## Exercise brief
Each line of the listing must be transcribed exactly, except for the images, which should be excluded.
Source material below:
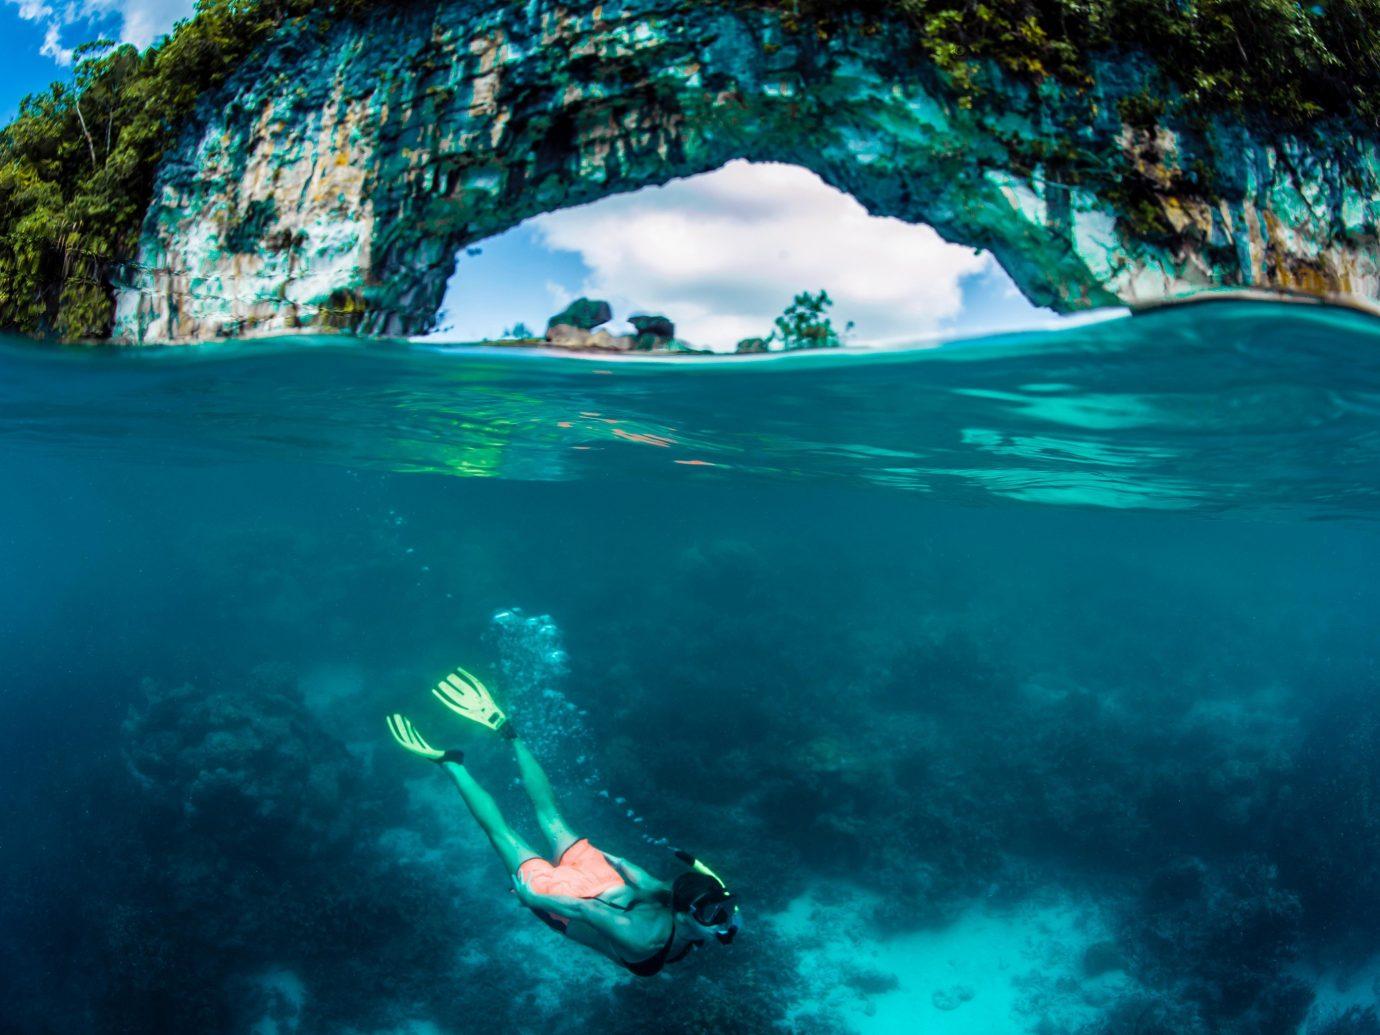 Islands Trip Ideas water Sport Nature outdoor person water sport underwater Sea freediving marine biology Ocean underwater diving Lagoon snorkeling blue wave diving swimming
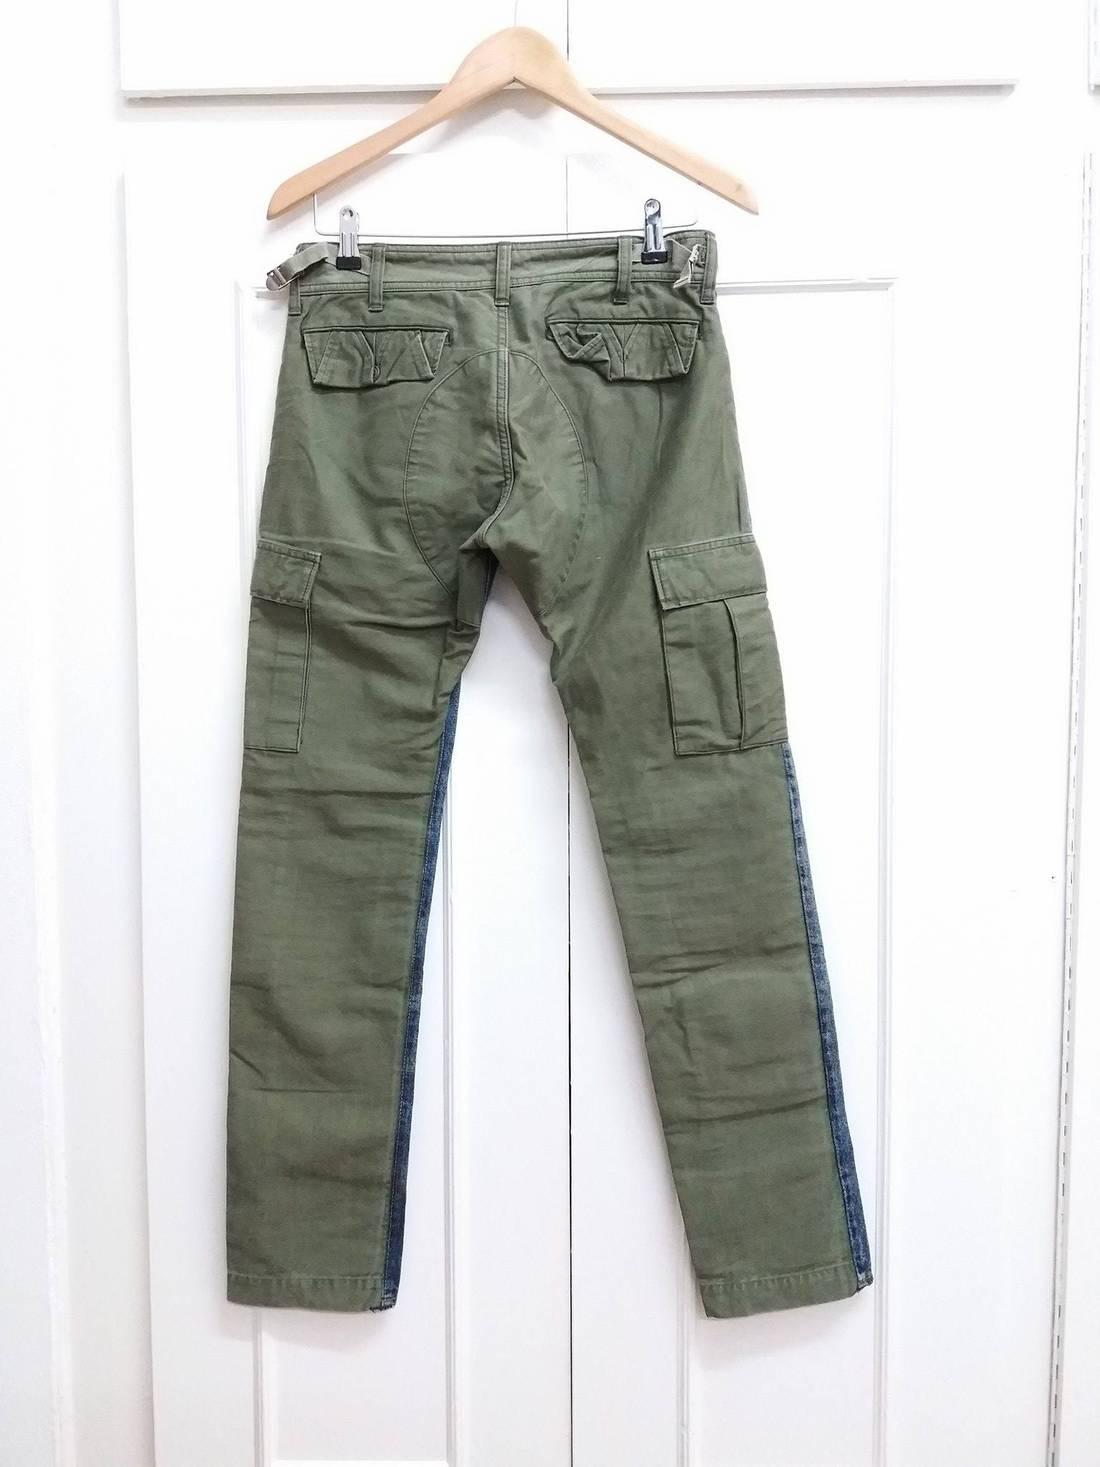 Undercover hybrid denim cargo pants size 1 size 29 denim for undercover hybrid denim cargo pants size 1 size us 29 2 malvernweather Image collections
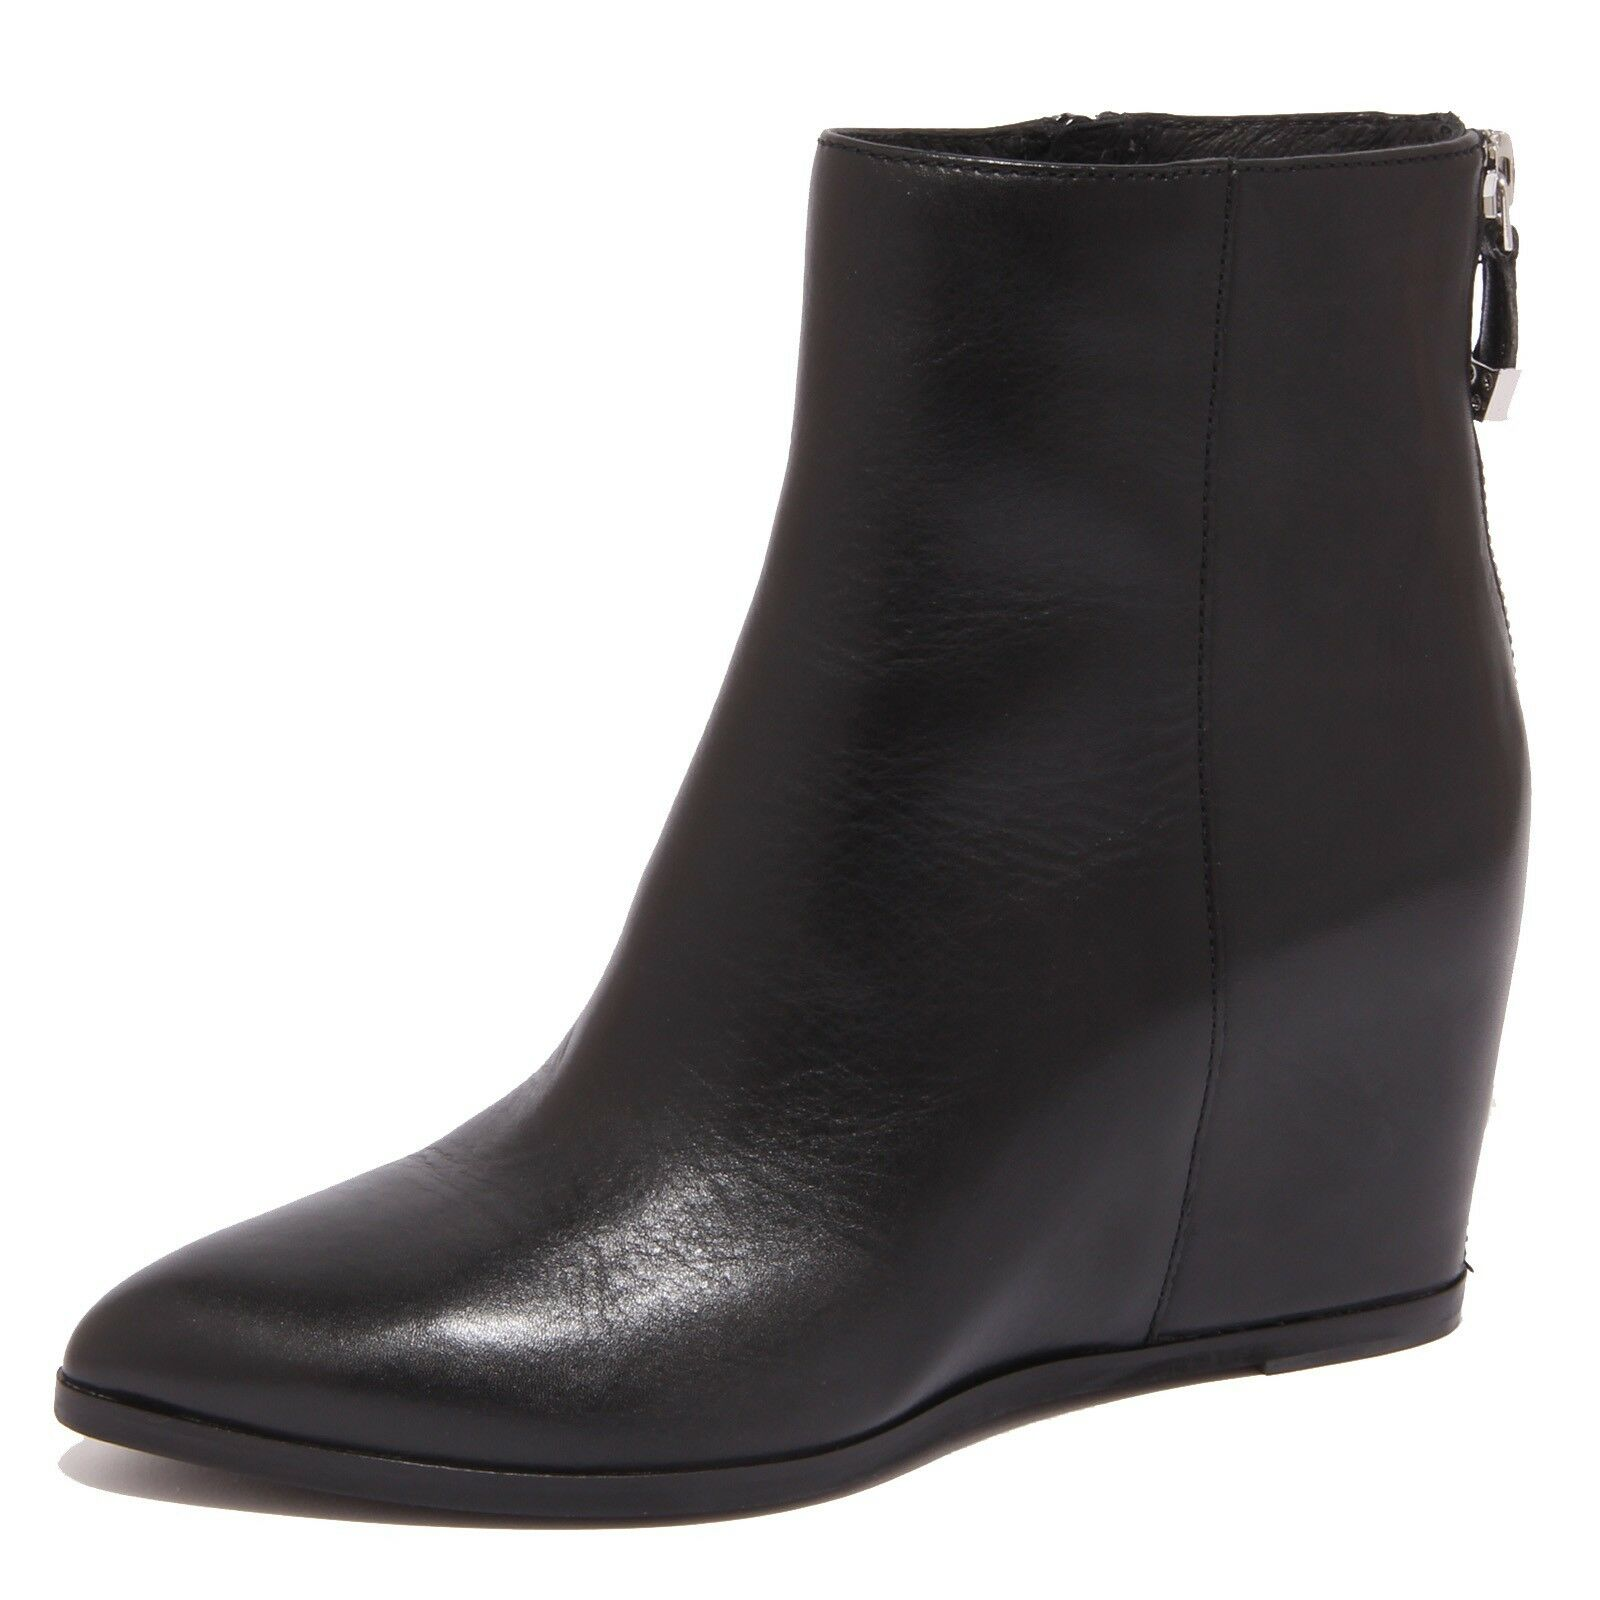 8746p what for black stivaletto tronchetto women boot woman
End of Source material.
## Written answer
 Islands Trip Ideas water Sport Nature outdoor person water sport underwater Sea freediving marine biology Ocean underwater diving Lagoon snorkeling blue wave diving swimming
 Undercover hybrid denim cargo pants size 1 size 29 denim for undercover hybrid denim cargo pants size 1 size us 29 2 malvernweather Image collections
 8746p what for black stivaletto tronchetto women boot woman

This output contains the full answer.